Keyword Spotting on Arm Cortex-M boards.
The first step in deploying the trained keyword spotting models on microcontrollers is quantization, which is described here. This directory consists of example codes and steps for running a quantized DNN model on any Cortex-M board using mbed-cli and CMSIS-NN library. It also consists of an example of integration of the KWS model onto a Cortex-M development board with an on-board microphone to demonstrate keyword spotting on live audio data.
Get the CMSIS-NN library and install mbed-cli
Clone CMSIS-5 library, which consists of the optimized neural network kernels for Cortex-M.
cd Deployment git clone https://github.com/ARM-software/CMSIS_5.git
Install mbed-cli and its python dependencies.
pip install mbed-cli
Build and run a simple KWS inference
In this example, the KWS inference is run on the audio data provided through a .h file. First create a new project and install any python dependencies prompted when project is created for the first time after the installation of mbed-cli.
mbed new kws_simple_test --mbedlib
Fetch the required mbed libraries for compilation.
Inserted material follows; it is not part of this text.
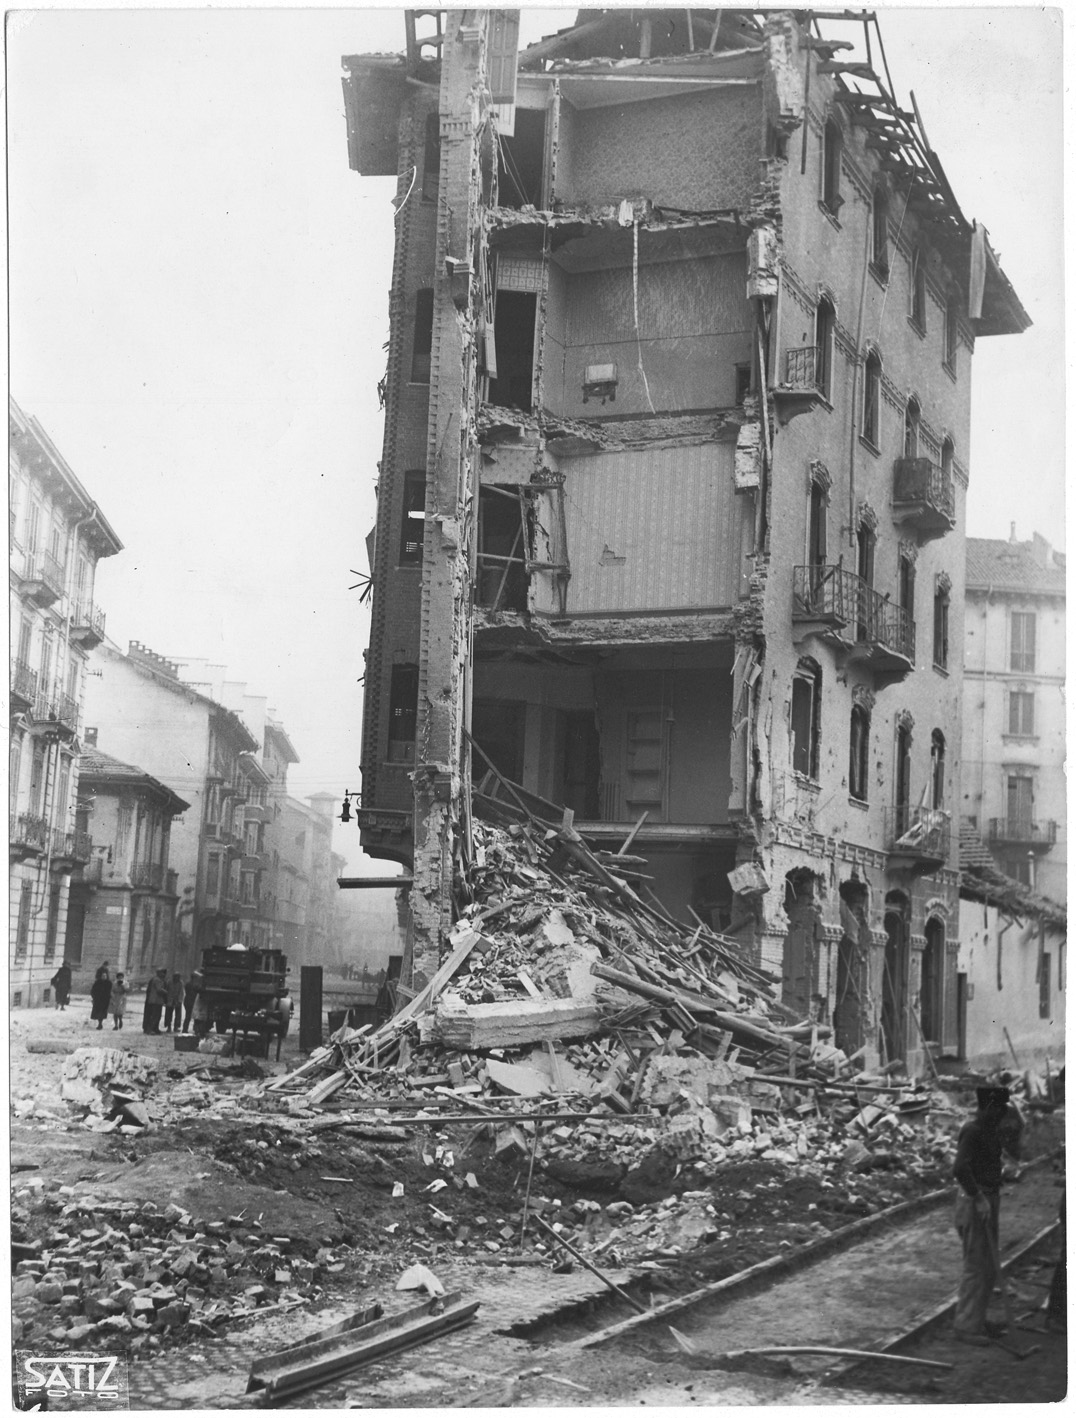 Via Duchessa Jolanda 28 dopo il bombardamento nella notte tra il 20 e il 21 novembre 1942 su Torino (Archivio Storico Città di Torino)

cd kws_simple_test mbed deploy
Compile the code for the mbed board (for example NUCLEO_F411RE).
mbed compile -m NUCLEO_F411RE -t GCC_ARM --source . \ --source ../Source/KWS --source ../Source/NN --source ../Source/MFCC \ --source ../Source/local_NN --source ../Examples/simple_test \ --source ../CMSIS_5/CMSIS/NN/Include --source ../CMSIS_5/CMSIS/NN/Source \ --source ../CMSIS_5/CMSIS/DSP/Include --source ../CMSIS_5/CMSIS/DSP/Source \ --source ../CMSIS_5/CMSIS/Core/Include \ --profile ../release_O3.json -j 8
Copy the binary (.bin) to the board (Make sure the board is detected and mounted). Open a serial terminal (e.g. putty or minicom) and see the final classification output on screen.
cp ./BUILD/NUCLEO_F411RE/GCC_ARM/kws_simple_test.bin /media/<user>/NODE_F411RE/ sudo minicom
This example runs keyword spotting inference on live audio captured using the on-board microphones on the STM32F746NG discovery kit. When performing keyword spotting on live audio data with multiple noise sources, outputs are typically averaged over a specified window to generate smooth predictions. The averaging window length and the detection threshold (which may also be different for each keyword) are two key parameters in determining the overall keyword spotting accuracy and user experience.
mbed new kws_realtime_test --create-only cd kws_realtime_test cp ../Examples/realtime_test/mbed_libs/*.lib . mbed deploy mbed compile -m DISCO_F746NG -t GCC_ARM \ --source . --source ../Source --source ../Examples/realtime_test \ --source ../CMSIS_5/CMSIS/NN/Include --source ../CMSIS_5/CMSIS/NN/Source \ --source ../CMSIS_5/CMSIS/DSP/Include --source ../CMSIS_5/CMSIS/DSP/Source \ --source ../CMSIS_5/CMSIS/Core/Include \ --profile ../release_O3.json -j 8 cp ./BUILD/DISCO_F746NG/GCC_ARM/kws_realtime_test.bin /media/<user>/DIS_F746NG/
FRDM-K64F using gcc and makeBuild an example on
To build this example, clone CMSIS_5 repository and then
make. This example is created by exporting a simple hello-world example from mbed online compiler and editing the Makefile to incorporate the source files required for the keyword spotting example.
cd Deployment # Clone CMSIS_5 repository (if not done already) git clone https://github.com/ARM-software/CMSIS_5.git cd Examples/simple_test_k64f_gcc make -j 8 # copy binary to the device cp ./BUILD/simple_test_k64f_gcc.bin /media/<user>/DAPLINK/
Note: The examples provided use floating point operations for MFCC feature extraction, but it should be possible to convert them to fixed-point operations for deploying on microcontrollers that do not have dedicated floating point units.